A randomized controlled trial of modes of ventilatory support in preterm babies from point of delivery to the neonatal intensive care unit.

Most newborn infants less than 30 weeks' gestational age at birth require either nasal continuous positive airway pressure (nCPAP) or intubation and mechanical ventilation for acute respiratory distress syndrome at the point of delivery, whether in the delivery suite or in the operating theatre. This is an interventional study looking at whether using a targeted expiratory tidal volume mode of ventilation from the point of delivery until admission in the neonatal intensive care unit may improve a newborn infant's blood gas parameters on arrival in the neonatal intensive care unit. Monitoring and adjusting ventilation to achieve normal arterial carbon dioxide levels is standard practice once the baby is within the neonatal intensive care unit.
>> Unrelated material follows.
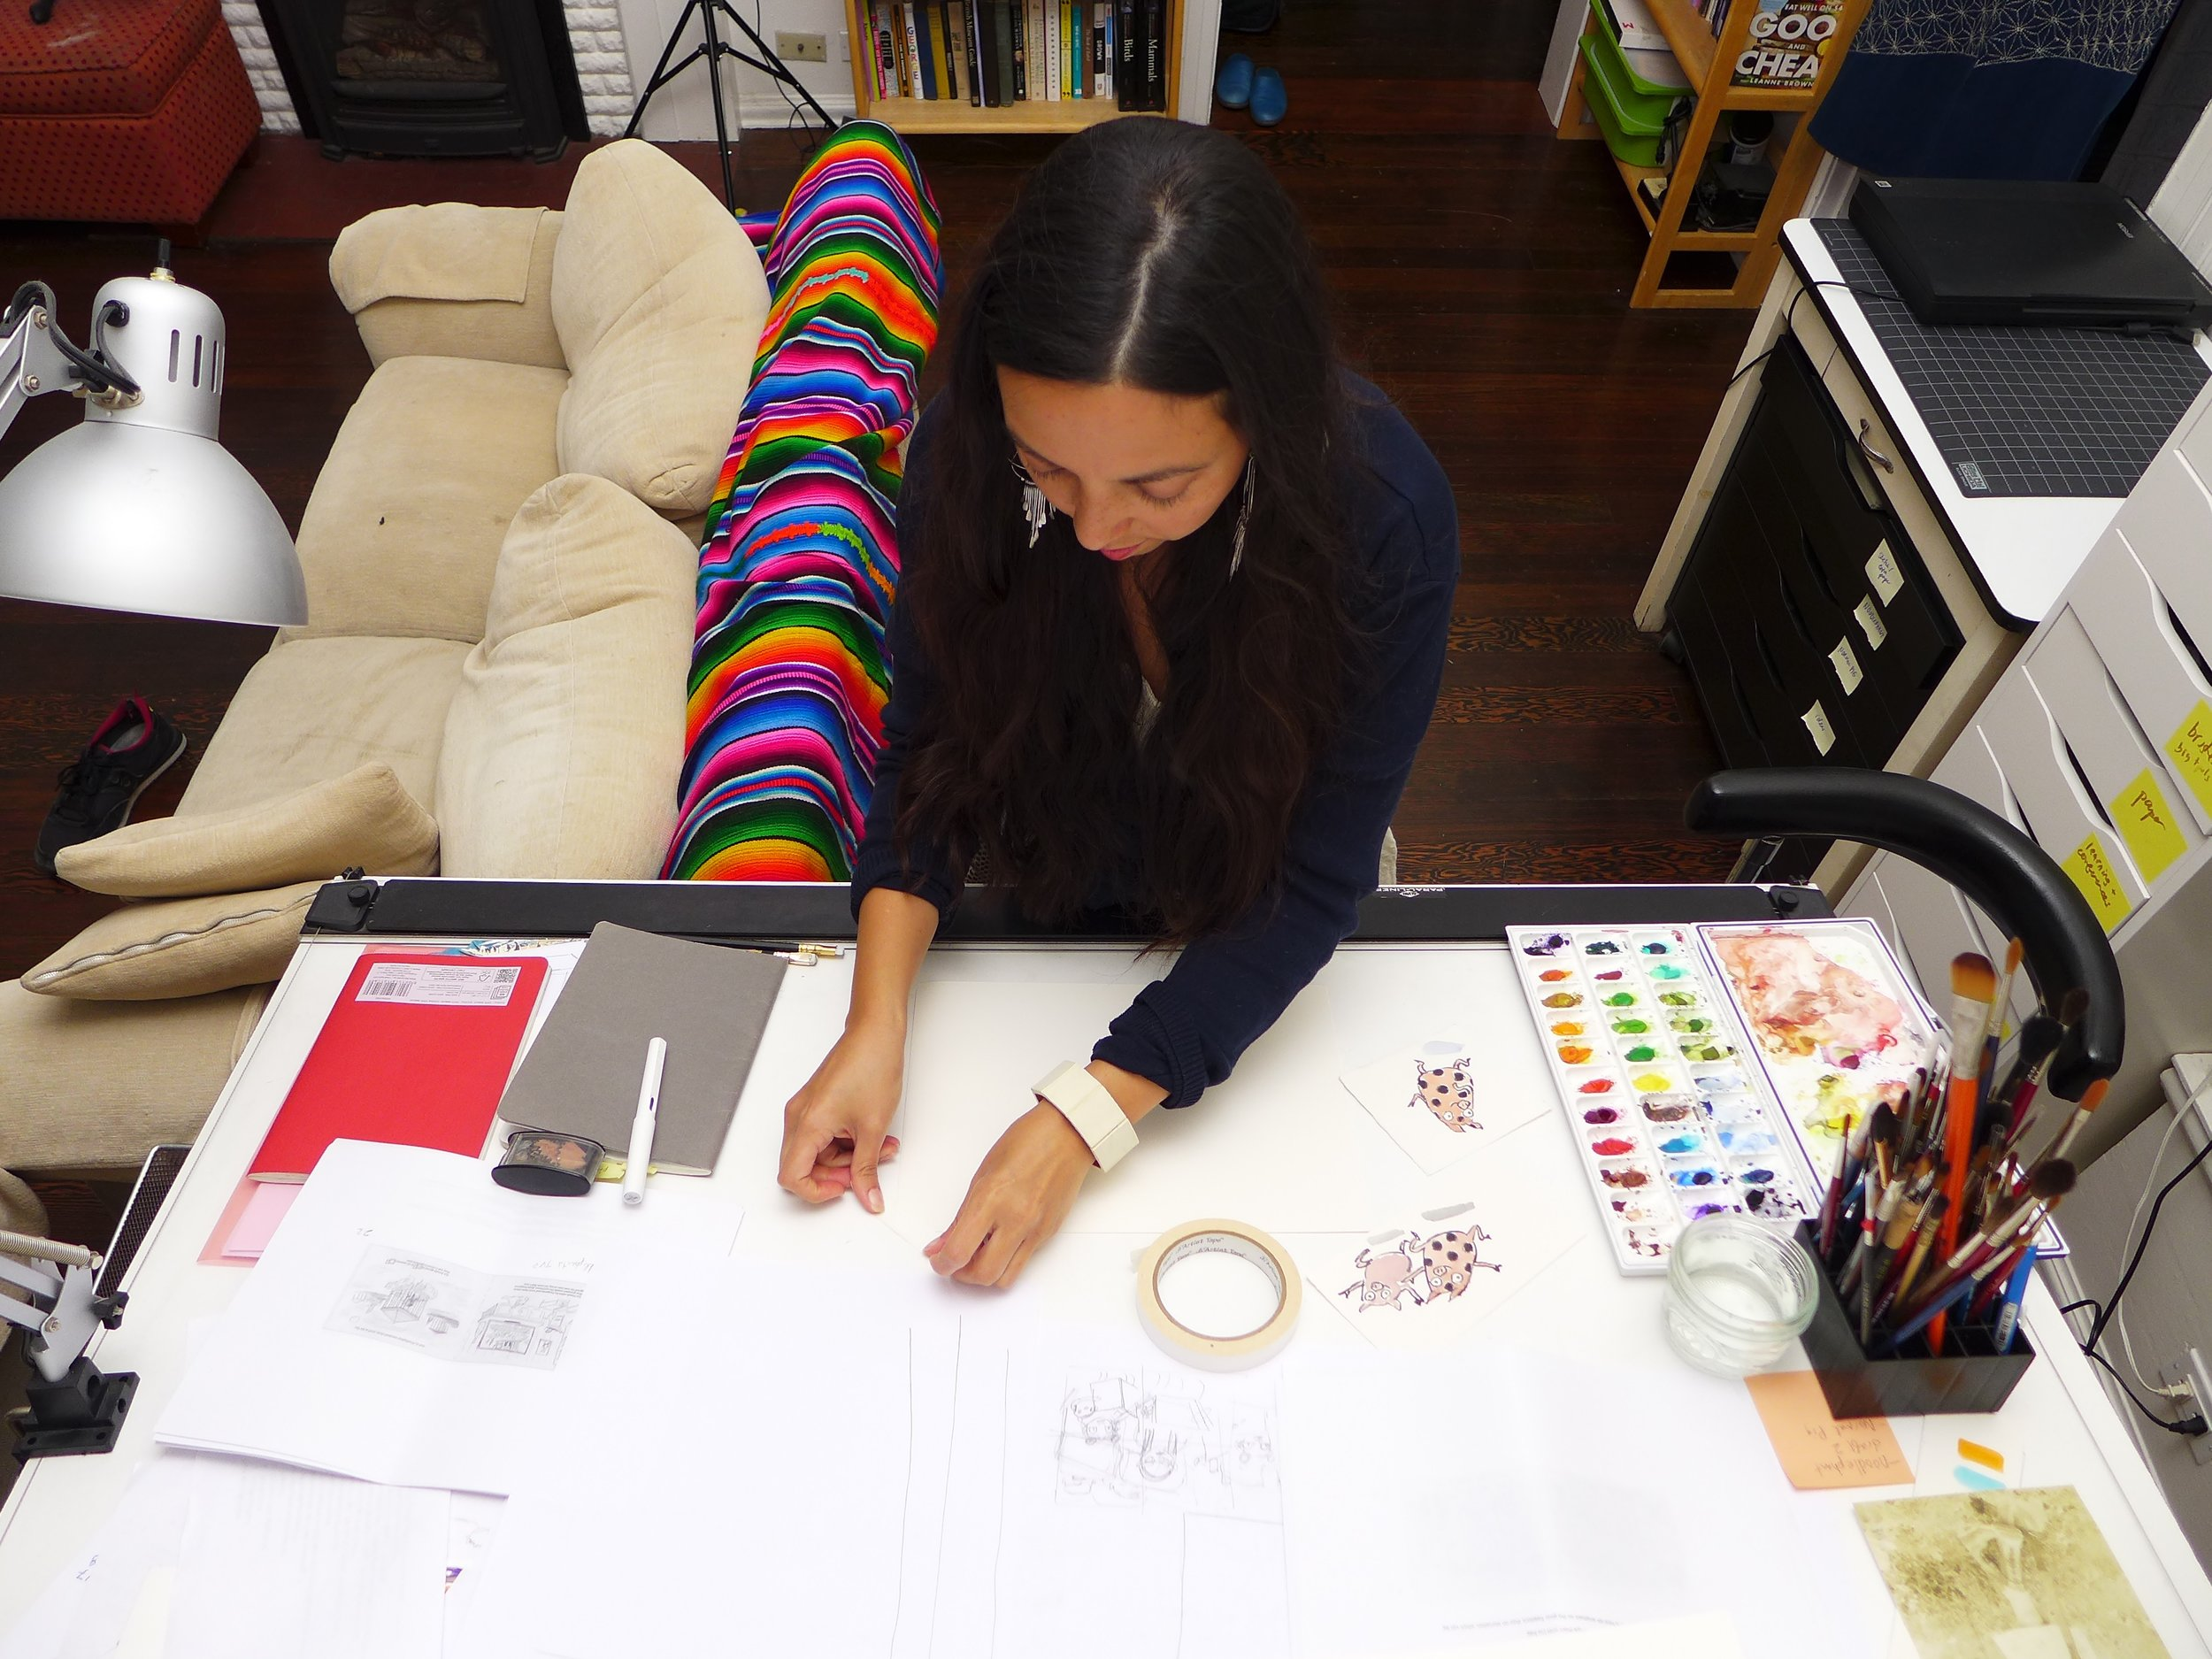 K-Fai Steele in her home studio - Photo: RL Davis
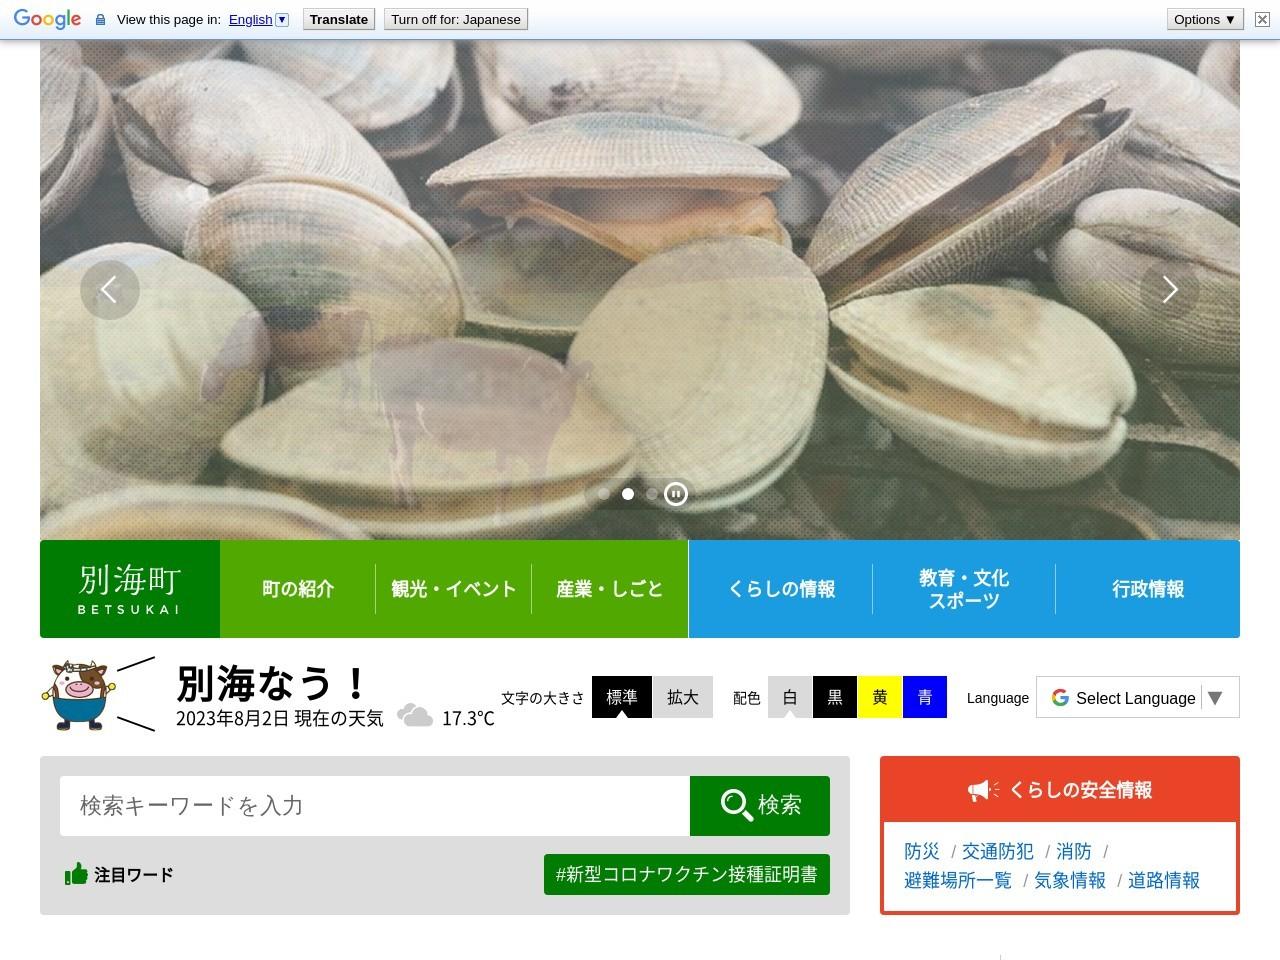 http://betsukai.jp/

Current best practice recommends using handbagging ventilation or intermittent mandatory ventilation (IMV); volumes of each breath are not usually measured until the newborn is connected to a ventilator in the neonatal intensive vare unit . The use of an advanced neonatal ventilator which can target set expiratory tidal volumes in the resuscitation, stabilisation and transport of such a premature neonate may allow better arterial blood gases on arrival to the neonatal intensive care unit. Further, the impact of the use of an advanced neonatal ventilator from point of delivery may influence the initial respiratory course as well as the cerebrovascular circulation. This randomised controlled trial (RCT) may demonstrate the value of using an advanced neonatal ventilator in the initial ventilatory management of critically ill newborn babies.